An Evaluation of Representation Learning Methods in Particle Physics Foundation Models

📅 2025-11-16

📈 Citations: 0

✨ Influential: 0

career value

249K/year

🤖 AI Summary

Evaluating representation learning paradigms—contrastive learning, masked particle modeling, and generative reconstruction—for foundational models in particle physics remains challenging due to inconsistent architectures, preprocessing, and evaluation protocols. Method: We conduct a systematic, fair comparison under a unified framework featuring a shared Transformer-based particle-cloud encoder, standardized preprocessing, sampling, and evaluation on jet classification tasks. We further propose supervised architectural enhancements to the pretraining objectives. Contribution/Results: Our approach achieves the first state-of-the-art (SOTA) performance on jet classification, demonstrating that supervised fine-tuning significantly boosts representation quality. We comprehensively analyze trade-offs among representational capacity, generalization, and computational efficiency across paradigms. Moreover, we establish the first reproducible, transparent, and robust benchmark for particle physics representation learning—providing critical empirical evidence and methodological guidance for principled foundation model design and advancement in high-energy physics.

Technology Category

Application Category

📝 Abstract

We present a systematic evaluation of representation learning objectives for particle physics within a unified framework.
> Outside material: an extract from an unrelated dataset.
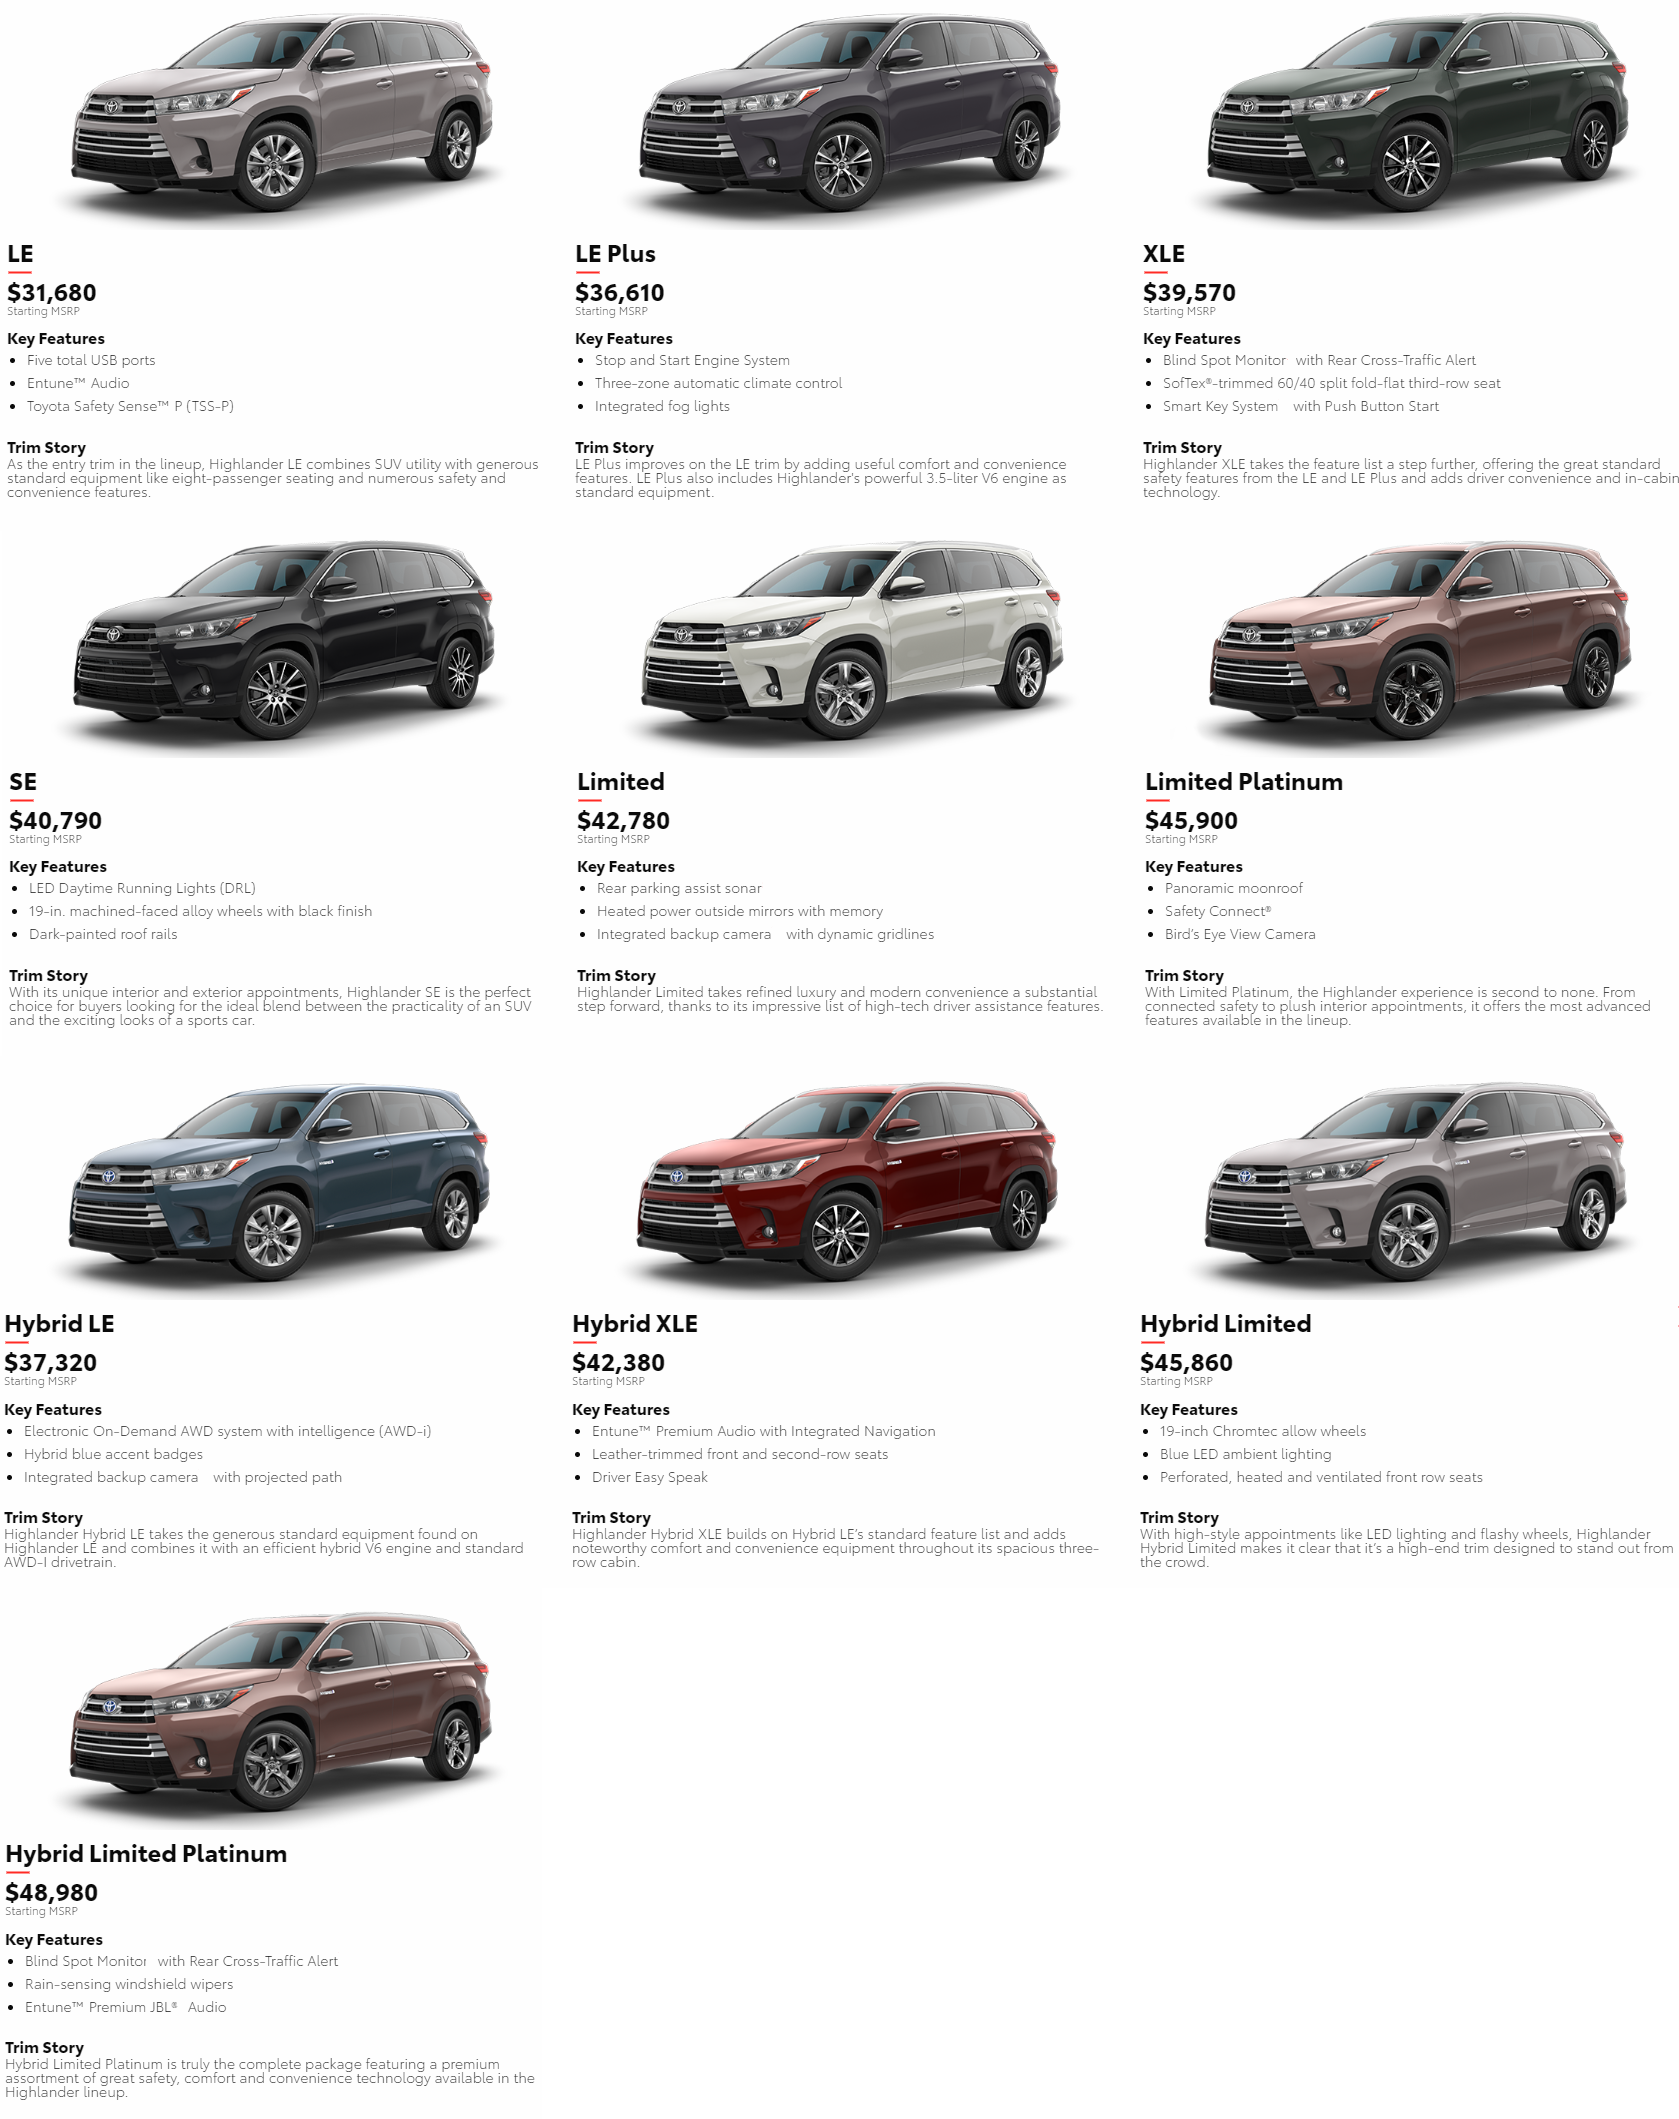 2019 Toyota Highlander Trim Level Guide

Our study employs a shared transformer-based particle-cloud encoder with standardized preprocessing, matched sampling, and a consistent evaluation protocol on a jet classification dataset. We compare contrastive (supervised and self-supervised), masked particle modeling, and generative reconstruction objectives under a common training regimen. In addition, we introduce targeted supervised architectural modifications that achieve state-of-the-art performance on benchmark evaluations. This controlled comparison isolates the contributions of the learning objective, highlights their respective strengths and limitations, and provides reproducible baselines. We position this work as a reference point for the future development of foundation models in particle physics, enabling more transparent and robust progress across the community.

Problem

Research questions and friction points this paper is trying to address.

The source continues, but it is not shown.